DATA EXCERPT:
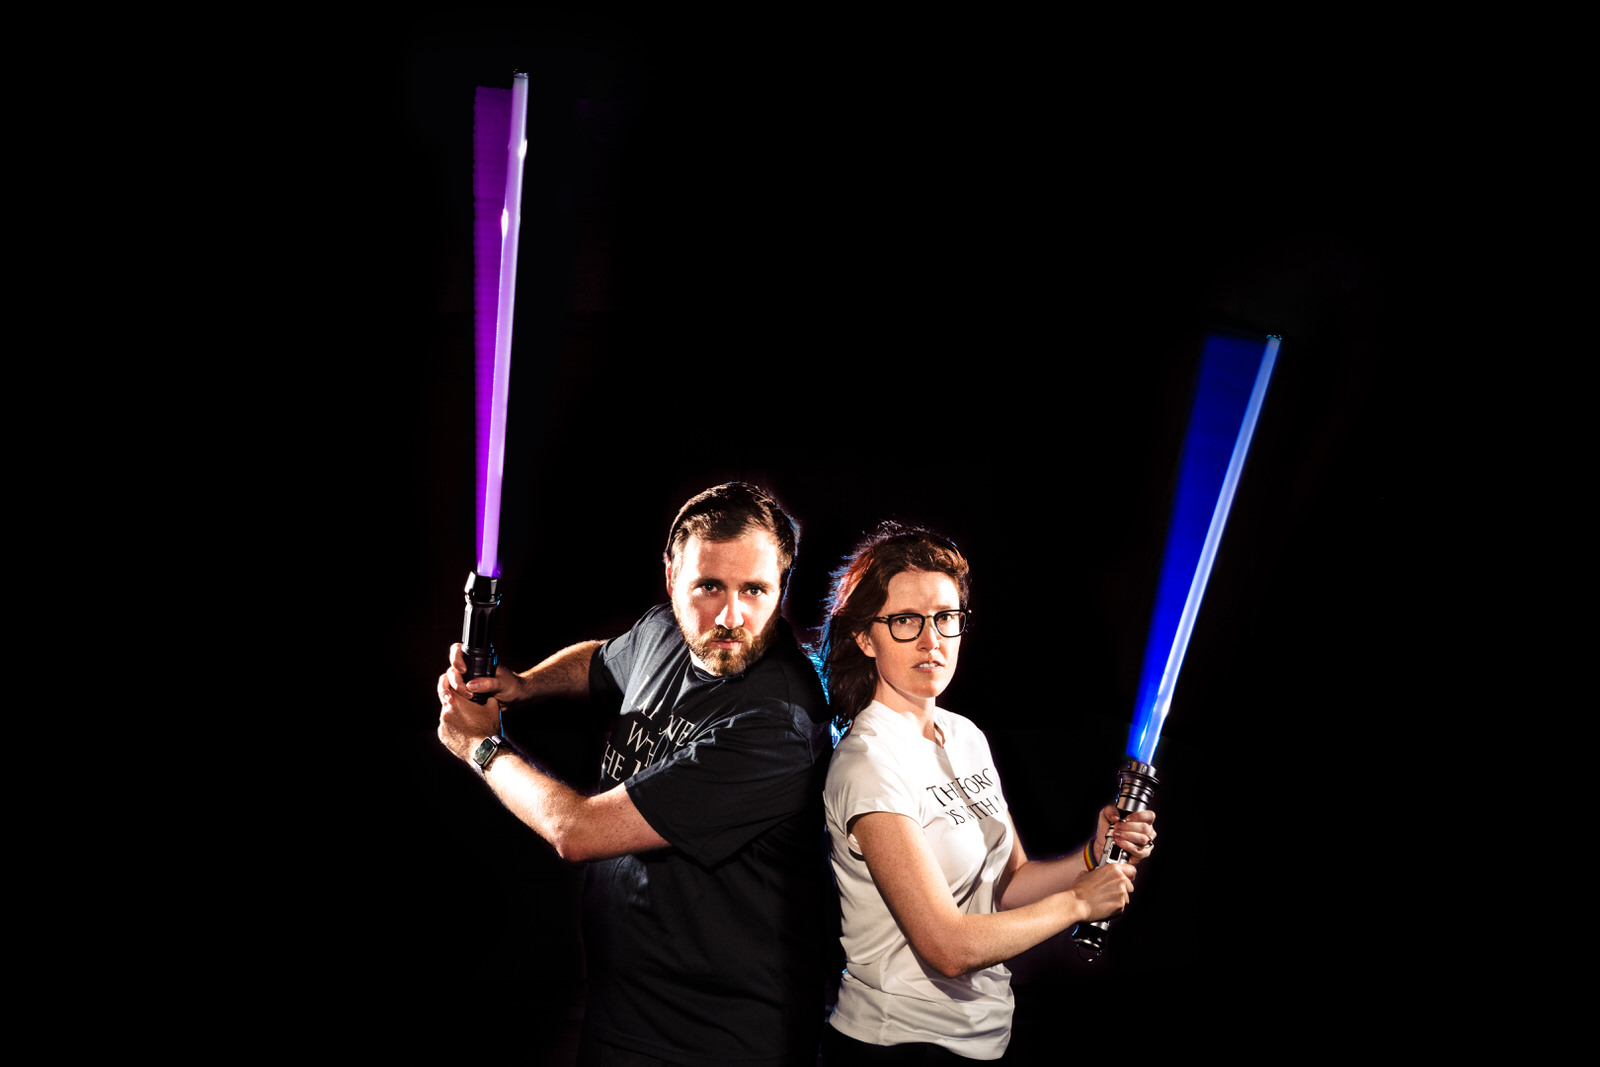 Nerdy wedding photographers pose with their light sabers
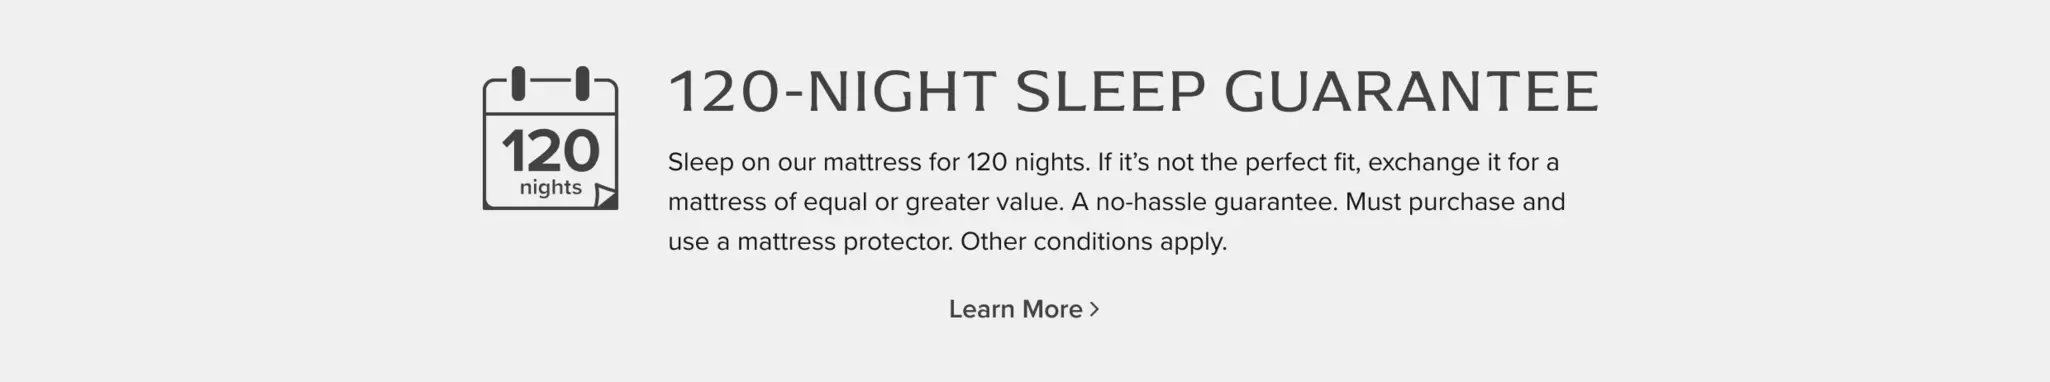 120-Night Sleep Guarantee: Sleep on our mattress for 120 nights. If it's not the perfect fit, exchange it for a mattress of equal or greater value. A no-hassle guarantee. Must purchase and use a mattress protector. Other conditions apply. Learn More.
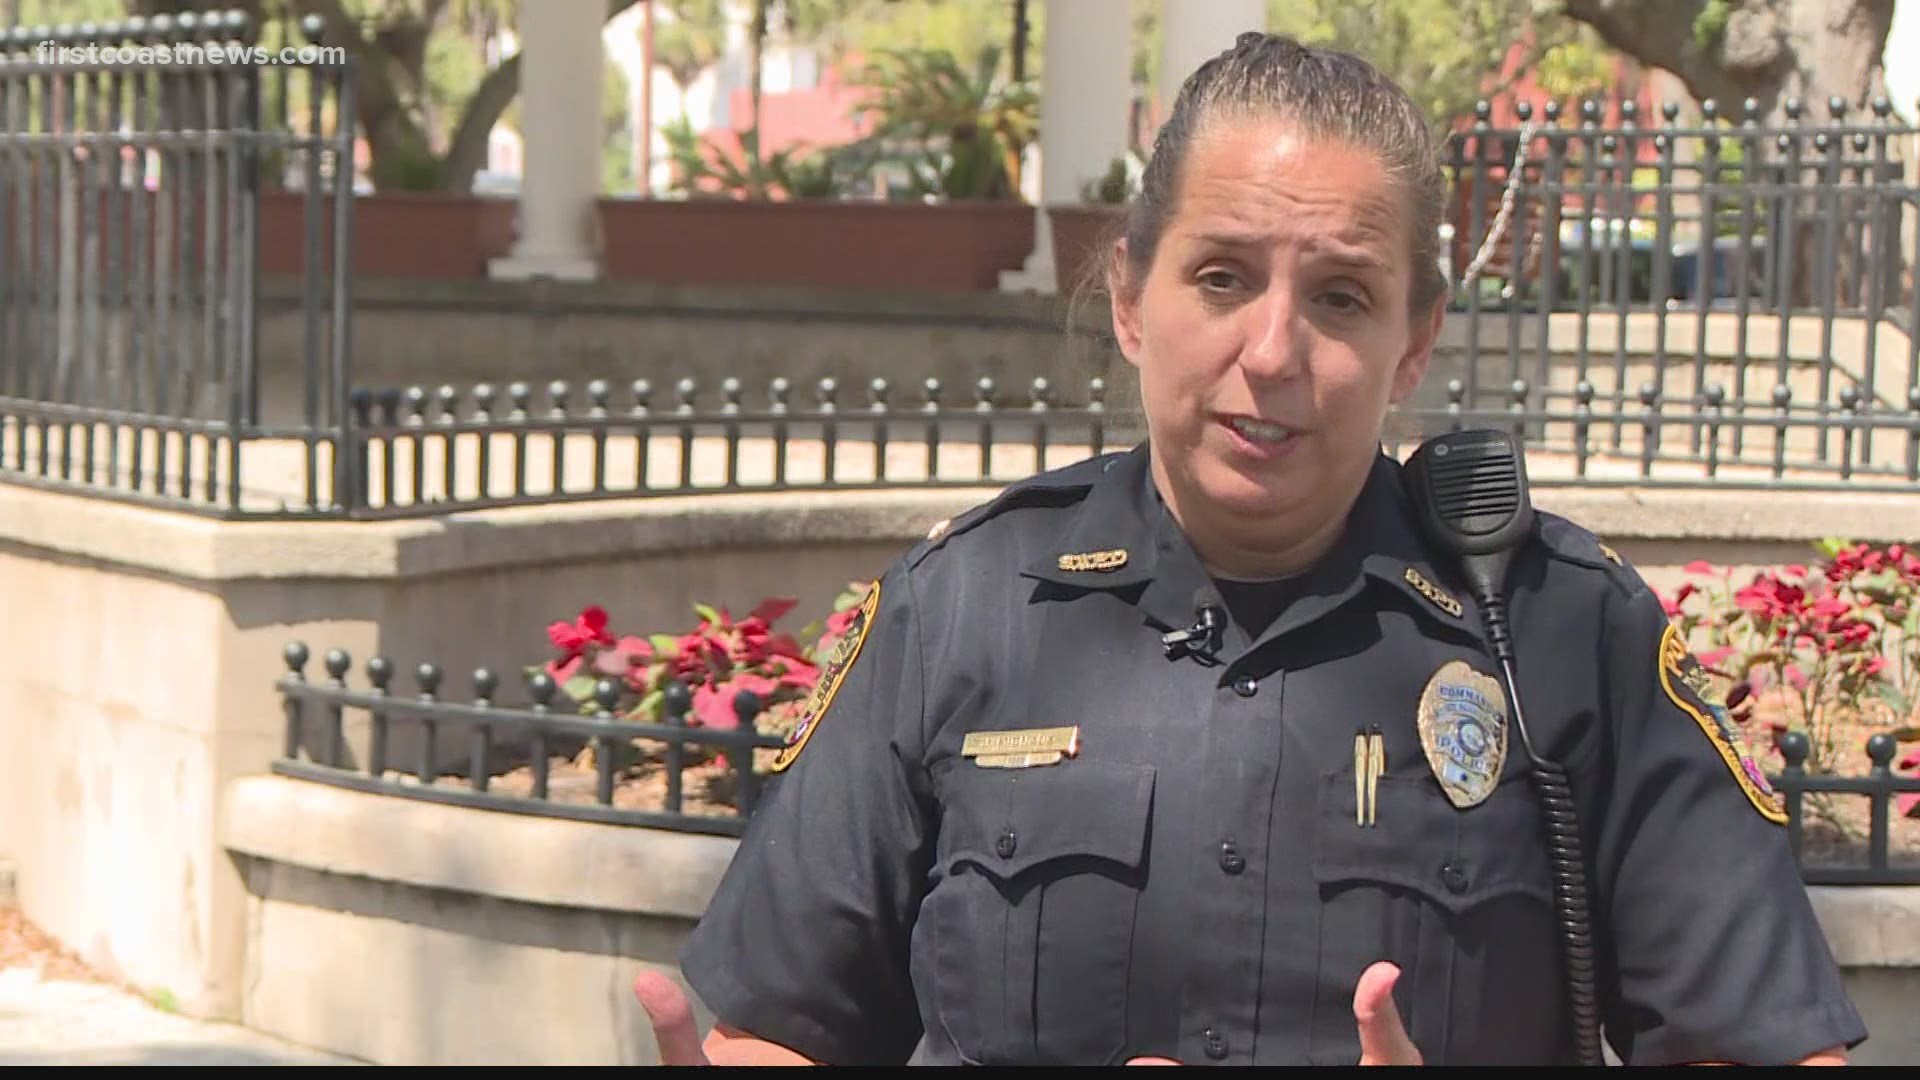 Jennifer Michaux will be the first female police chief in the history of St. Augustine.
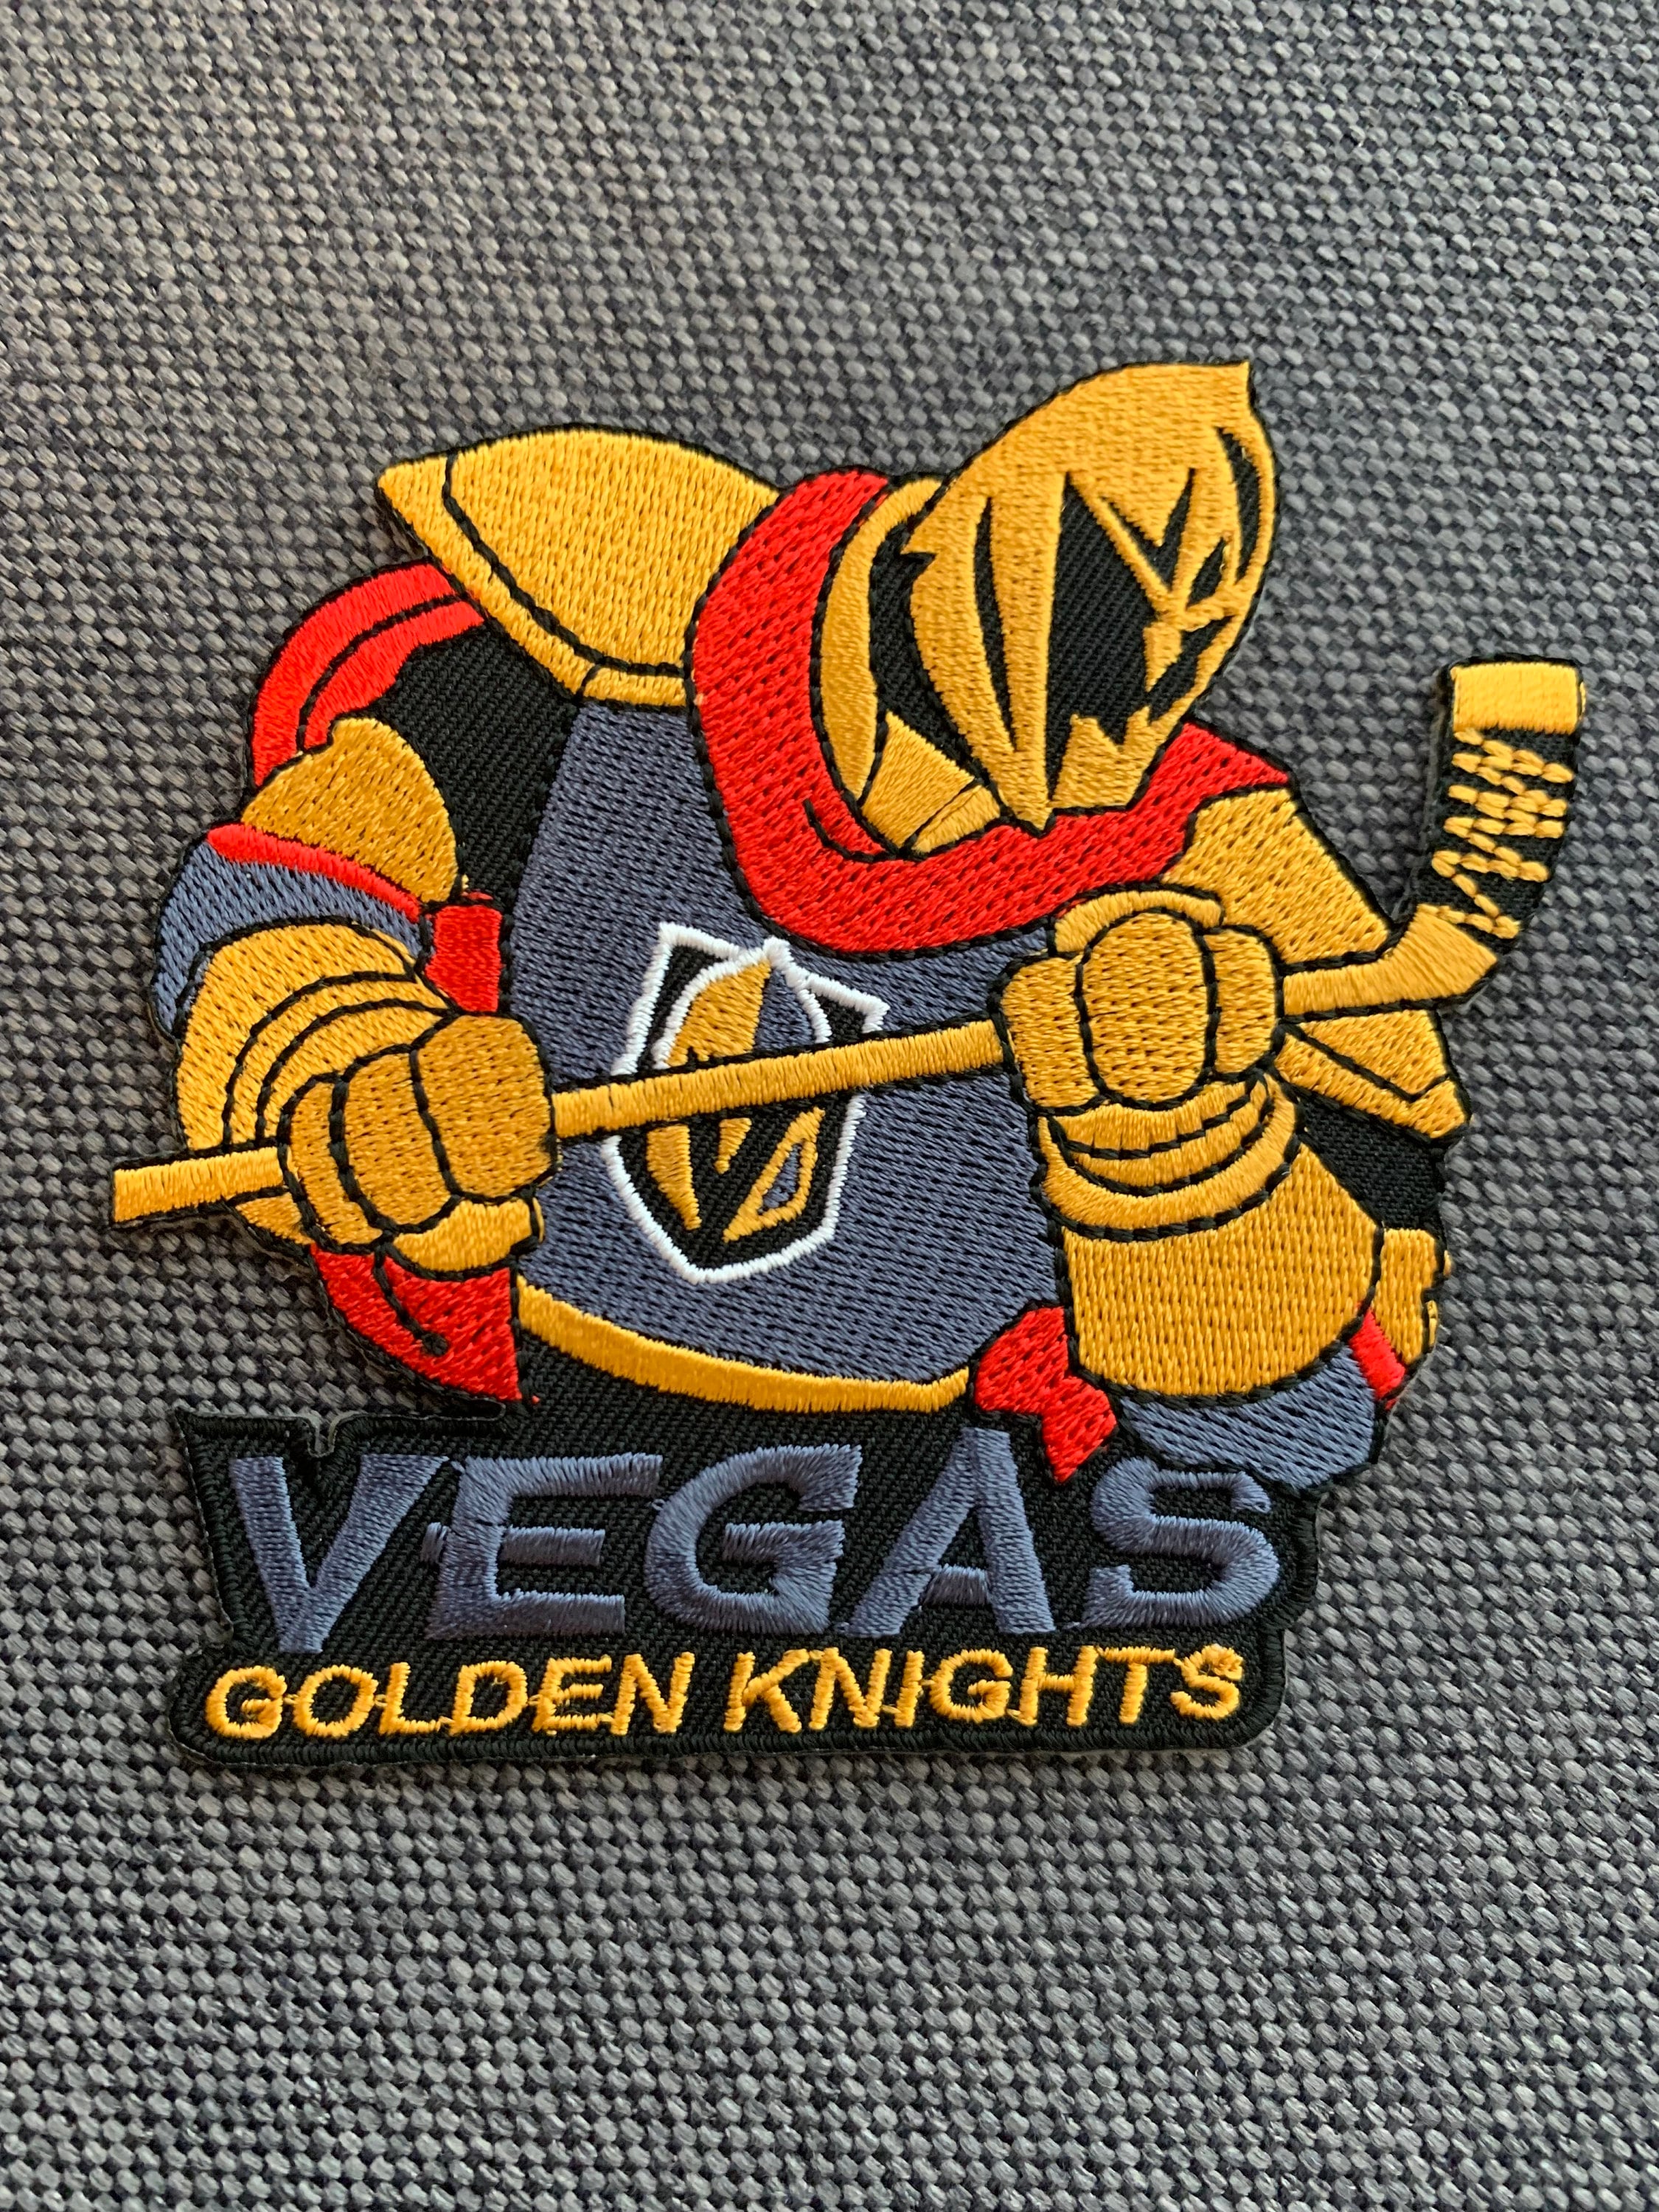 Golden Knights to Have Circa Sports Patch on Home Jerseys in 2022-23

GOAL OF THE EXERCISE: Full transcription of the material, exact in every line, without images.

RESULT OF THIS TASK:
 Nerdy wedding photographers pose with their light sabers
 120-Night Sleep Guarantee: Sleep on our mattress for 120 nights. If it's not the perfect fit, exchange it for a mattress of equal or greater value. A no-hassle guarantee. Must purchase and use a mattress protector. Other conditions apply. Learn More.
 Jennifer Michaux will be the first female police chief in the history of St. Augustine.
 Golden Knights to Have Circa Sports Patch on Home Jerseys in 2022-23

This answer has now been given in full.